Das dominante Erzmineral ist grobkörniger Kupferkies (mit untergeordnet Magnetit, Pyrit, Magnetkies und Gold), der innerhalb von Quarzgängen, Brekzienfüllungen und eingesprengt im Wirtsgestein vorkommt.

Die Lagerstätte ist an der Oberfläche nicht aufgeschlossen. Eine unregelmäßige 20 bis 30m mächtige Verwitterungszone mit sekundärer Kupferoxidvererzung bedeckt die Lagerstätte.

Ressourcendefinition und Modellierung

Die Bohrungen werden zum größten Teil in Abständen von ungefähr 25m im Streichen und 25m in Fallrichtung über den Hauptzonen niedergebracht. Die Abstände zwischen den Bohrlinien nehmen im Streichen von den Hauptzonen auf 100m zu. Die Bohrungen umfassen 99 RC- und 2 Kernbohrungen mit einer Gesamtlänge von 10.139m. Alle Bohrungen wurden von West nach Ost niedergebracht, um die ungefähren wahren Mächtigkeiten der Vererzung zu durchteufen. Die RC-Bohrungen wurden mittels eines Face Sampling Bohrhammers durchgeführt. Eine kleine Anzahl von RAB-Bohrungen (13) wurde verwendet, wo keine anderen Daten zur Verfügung standen und die aus RAB-Daten abgeleiteten Ressourcen werden als geschlussfolgert klassifiziert.

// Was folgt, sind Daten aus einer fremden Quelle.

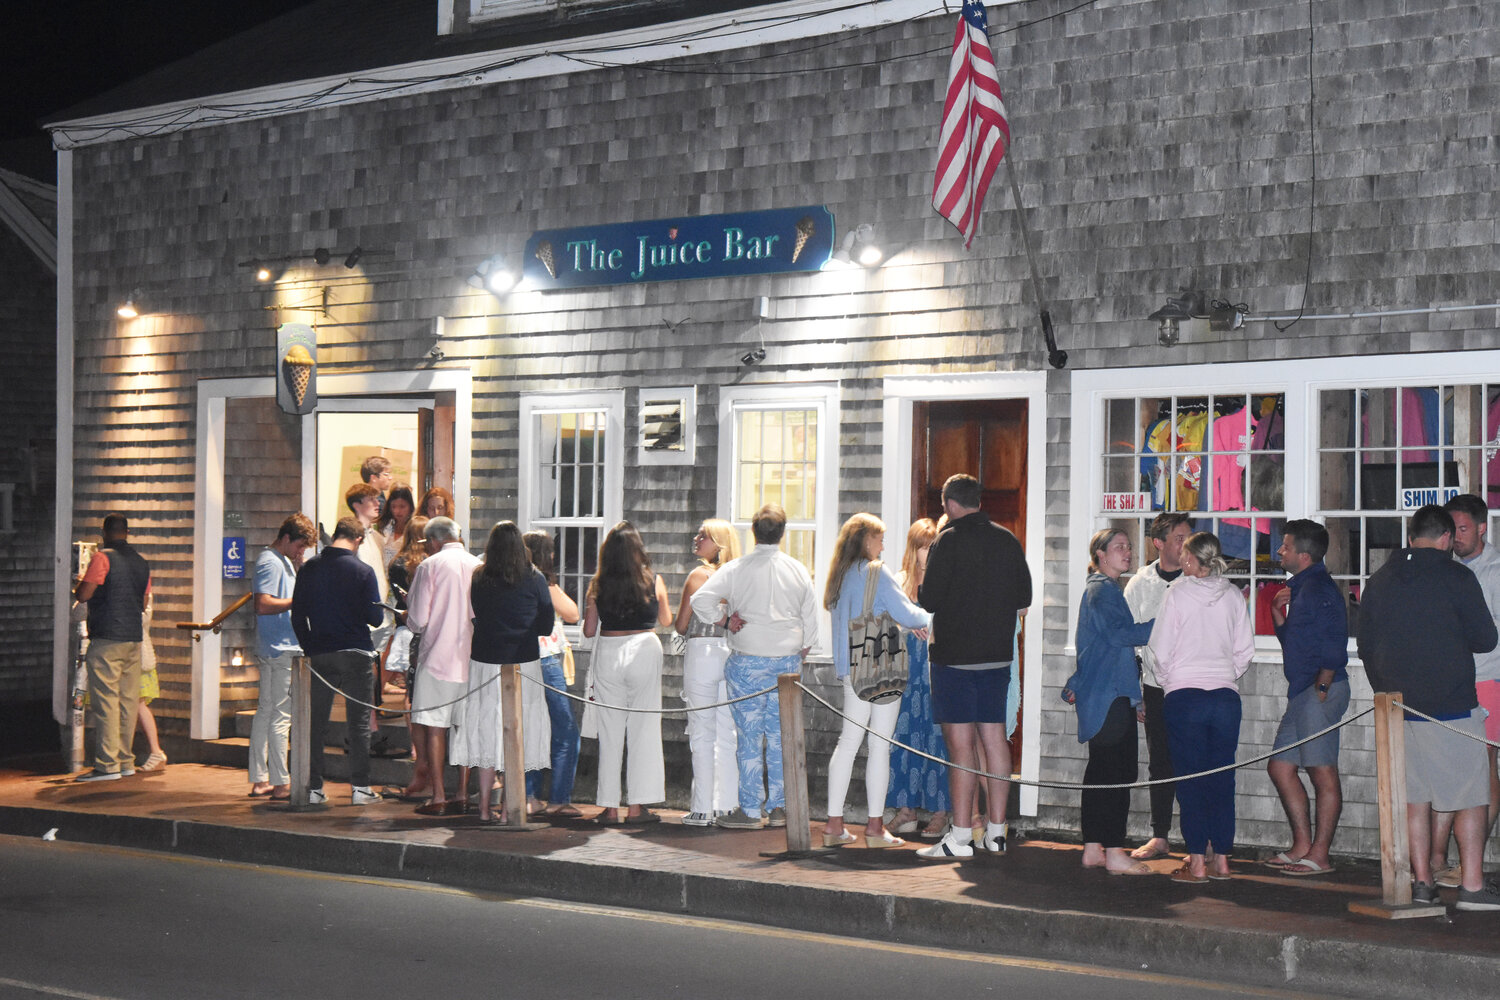 The line outside The Juice Bar just before 10 p.m. Tuesday night.

Die Proben wurden routinemäßig in 1m-Abständen für das Protokollieren und Analyse gesammelt. Alle Proben wurden zur Multielement-ICPAES und/oder AAS-Analyse an angesehene Labors geschickt. Qualitätssicherungs-/Qualitätskontrollproben wurden routinemäßig zugegeben und überwacht. Die Qualitätsüberwachung gewährleistete, dass die Genauigkeit und Präzision dieser Analyse akzeptabel ist.

Geologische 3D-Modelle, die aus den Daten der übertägigen Kartierungen, detaillierten Oberflächengeochemie und den Bohrungen erstellt wurden, wurden zum Beleg der Ressourcenschätzung verwendet. Die Ressourcenschätzung wurde mittels Blockmodellmethodologien im Einklang mit geplanten semiselektiven Bergbauparametern durchgeführt. Kupfer- und Goldgehalte wurden mittels herkömmlichen Kriging im Blockmaßstab geschätzt. Eine Nachbereitung der Daten durch gleichmäßiges Konditionieren wurde angewandt, um Blockgehalte mit einem selektiven Bergbaumaßstab zu schätzen.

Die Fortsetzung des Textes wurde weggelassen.